What I enjoyed most about my time with CIDC was the time I got to spend in Community Court, which is one of the Clackamas County justice system’s diversion programs out of the “official” or formal criminal justice system, though it takes place in the same judicial complex. Eligible defendants are referred to Community Court by the DDA prosecuting them, and, in exchange for a guilty plea, the defendants are given a Deferred Sentencing Agreement (DSA) that requires them to perform certain tasks which, ideally, will benefit them in the long run – like entering rehabilitation, writing an apology letter to the victim, consulting with the Oregon Housing Authority, meeting with an employment center like Worksource, meeting with the financial aid office of a local community college, etc. Upon completion of the tasks in their DSA, the defendants’ guilty pleas are either dismissed – which means the charges are dropped – or they are discharged – which means the prosecutor will take no further action on the case. In my opinion, Community Court and other county diversion programs like Mental Health Court and Drug Court represent the most restorative aspect of Clackamas County’s criminal justice system, wherein defendants take responsibility for their actions, understand the harm they have caused, and receive an opportunity to redeem themselves and hopefully, improve their circumstances. Perhaps most importantly, the diversion programs keep the defendants out of jail, as long as they can show they’re progressing through the system. Ultimately, I think the approach of the diversion programs should be the rule, not the exception, for how federal and state courts administer justice.

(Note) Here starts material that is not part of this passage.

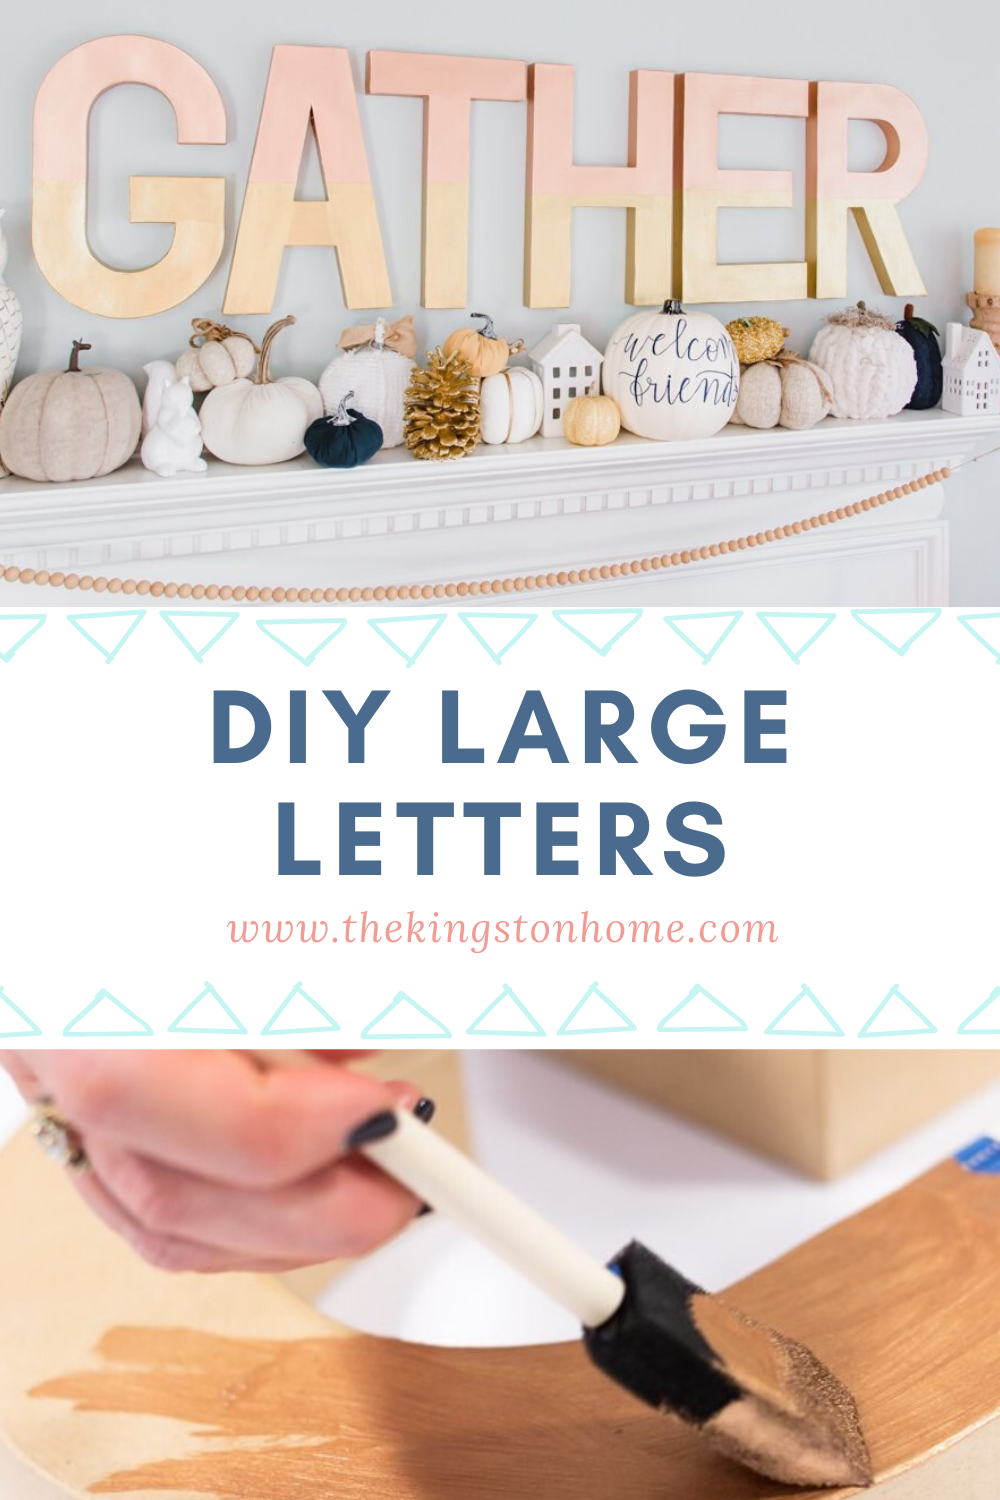 DIY Large Letters for Your Home Decor - The Kingston Home

Receiving the PILP award was very important to me. In one way, it validated my feelings that the work I was doing was indeed important to the public, and that I deserved to be remunerated for it. From a practical standpoint, it reduced the amount of loans I took out and allowed me to not have to look for other, paying jobs that I could do part-time to subsidize my work at CIDC. In addition, receiving the award means I get to be on the PILP board and get some excellent experience fundraising and helping new members.